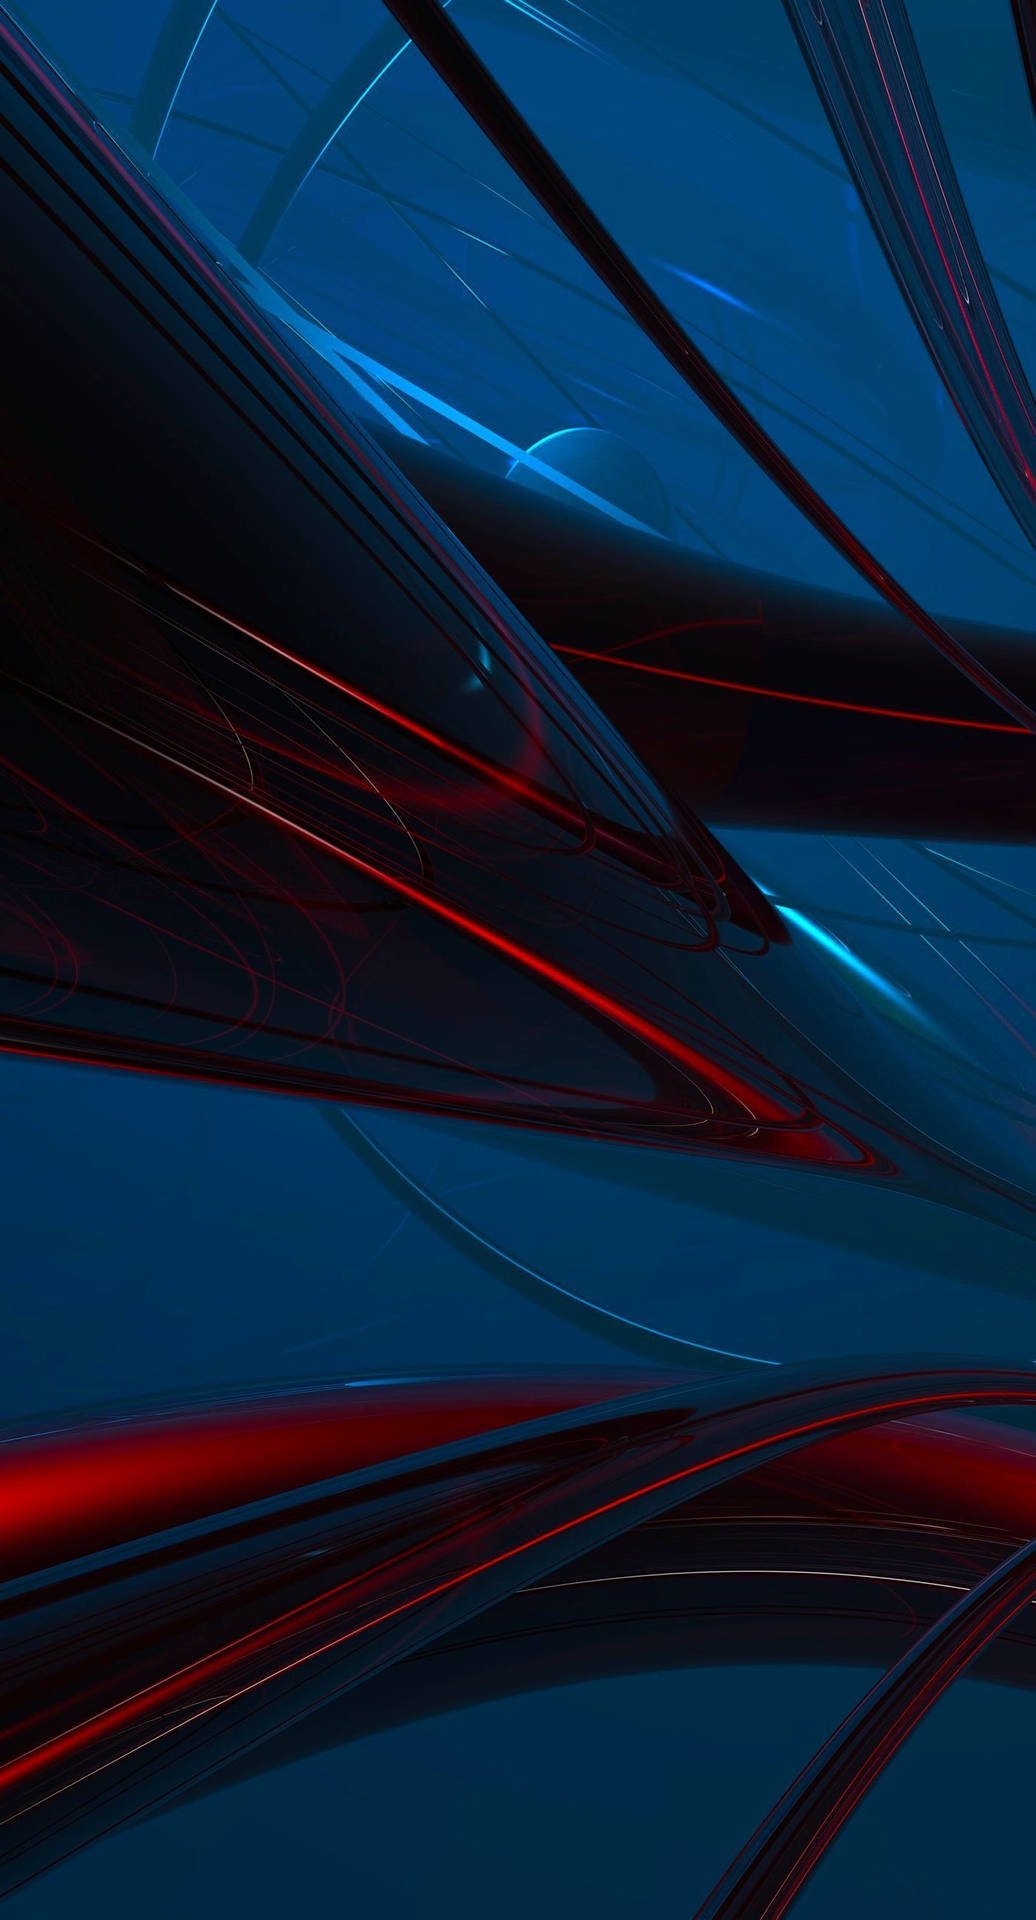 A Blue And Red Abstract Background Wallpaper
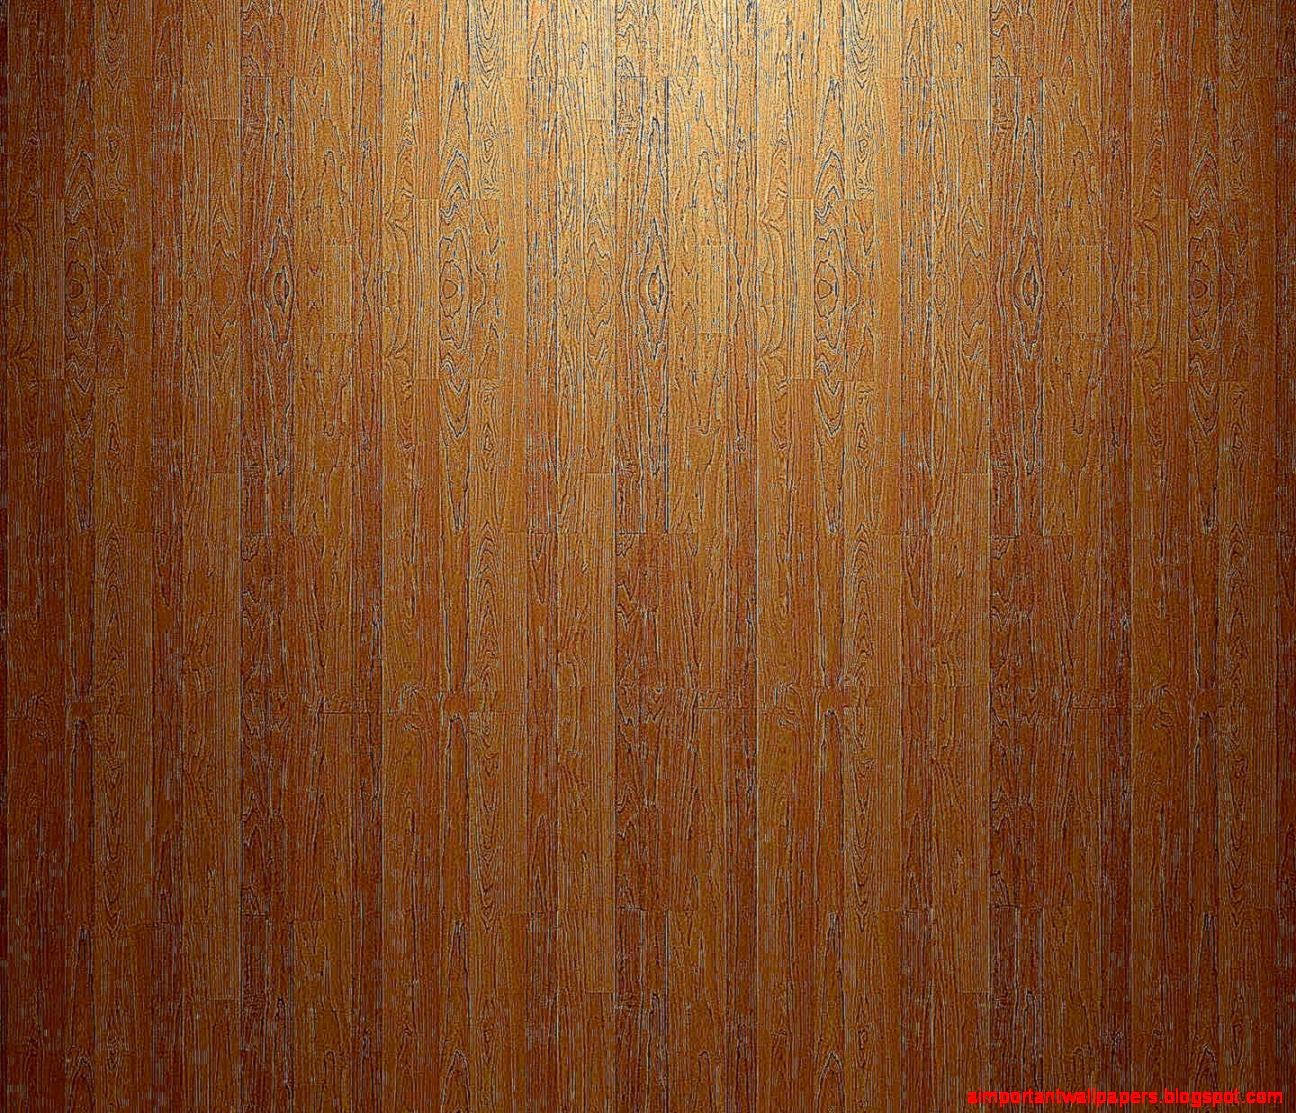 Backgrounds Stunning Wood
* * *
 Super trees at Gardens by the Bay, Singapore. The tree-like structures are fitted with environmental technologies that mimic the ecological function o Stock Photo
---
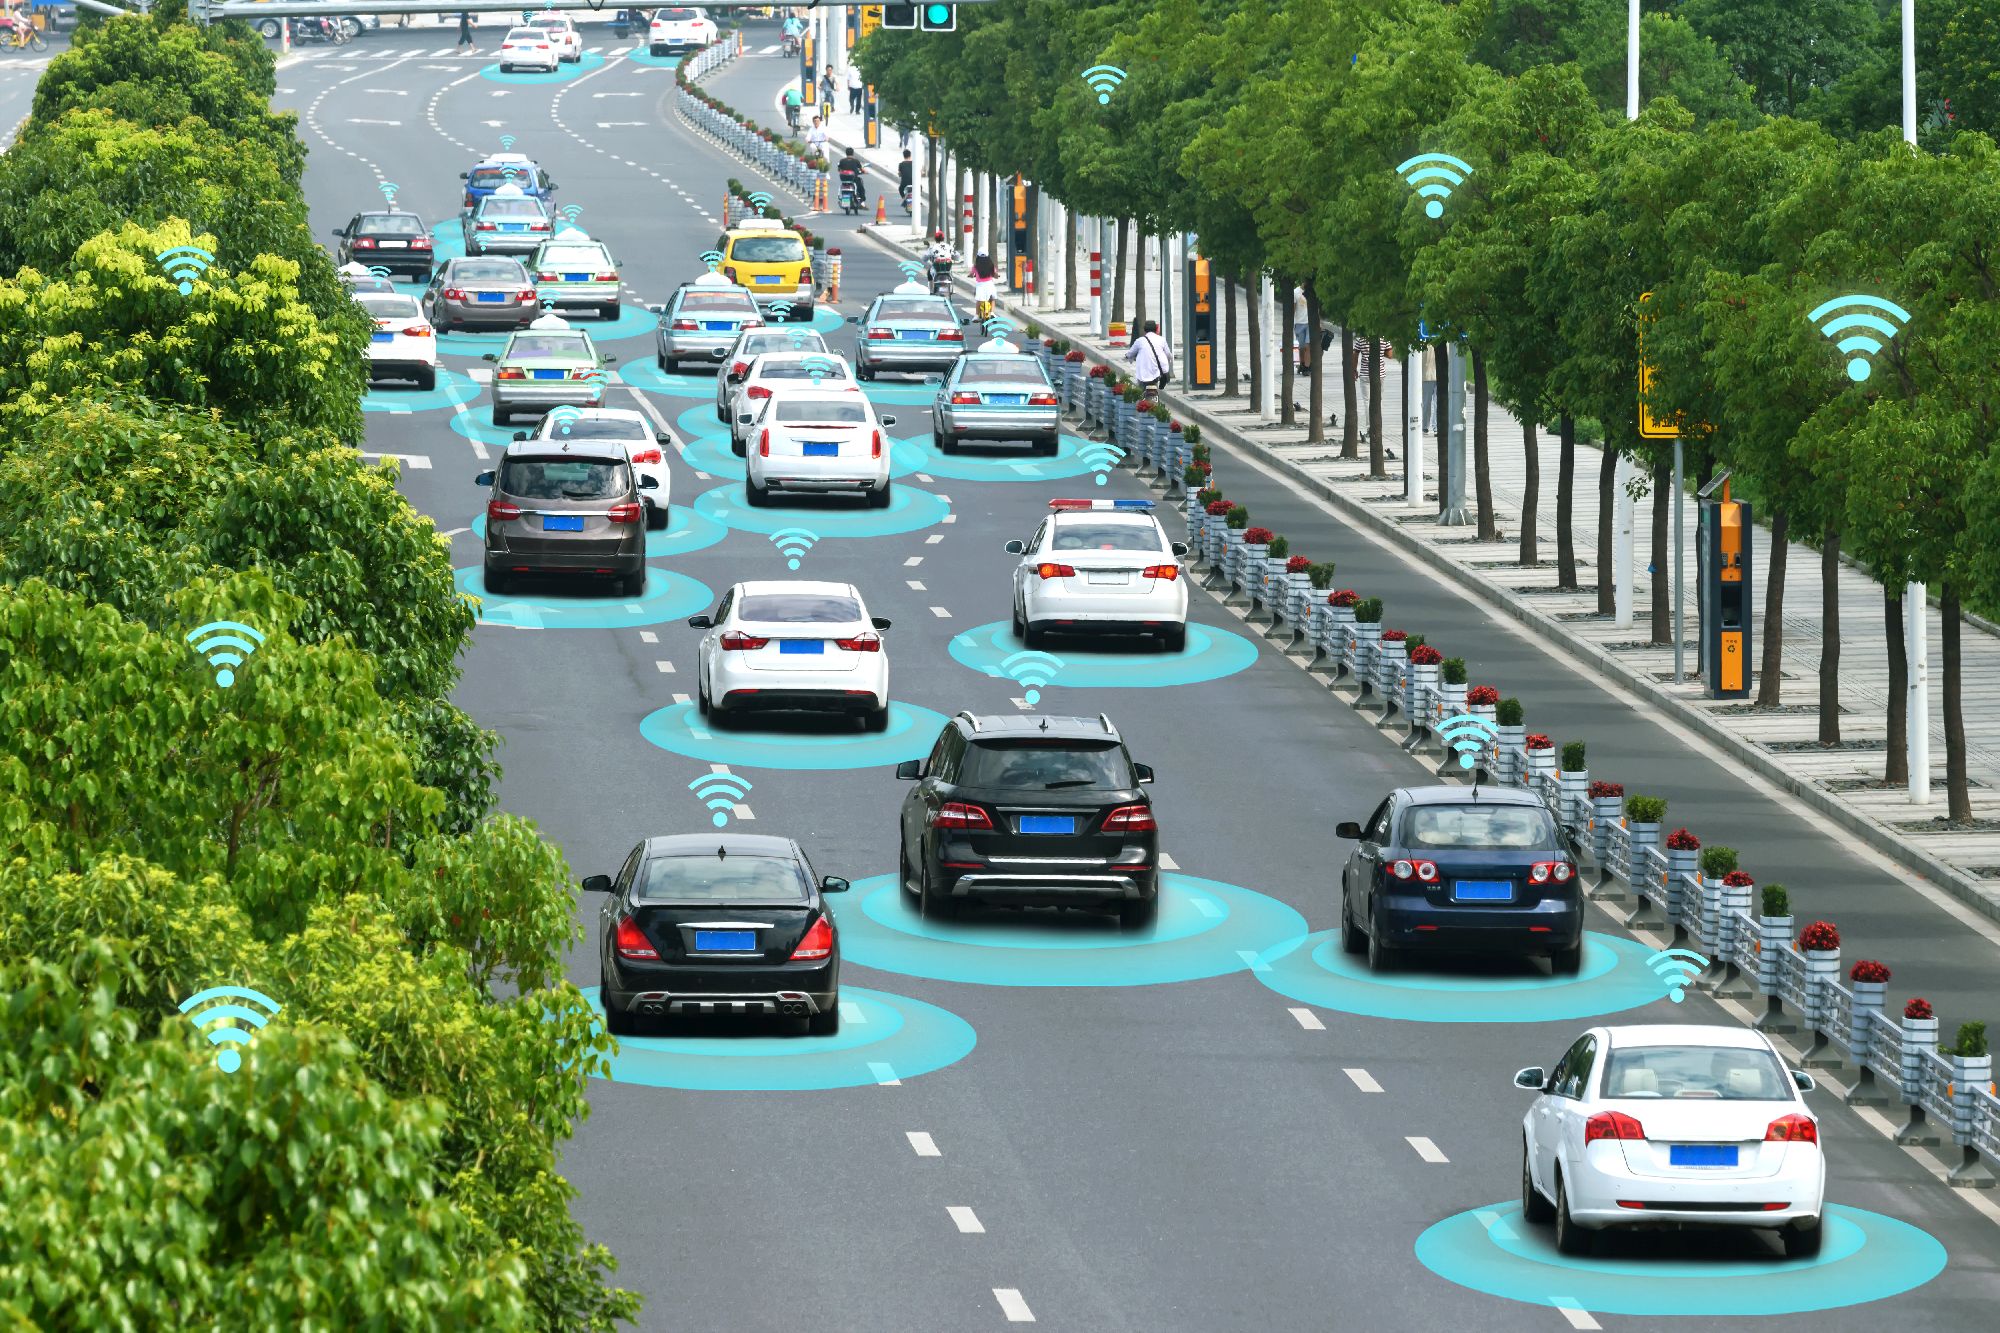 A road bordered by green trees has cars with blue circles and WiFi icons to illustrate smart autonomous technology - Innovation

### Your goal
Write back word for word every line in the entries above from the one with "A Blue And Red Abstract Background Wallpaper" to the one with "Backgrounds Stunning Wood", ends included, and none of the pictures.

### Task result
 A Blue And Red Abstract Background Wallpaper
 Backgrounds Stunning Wood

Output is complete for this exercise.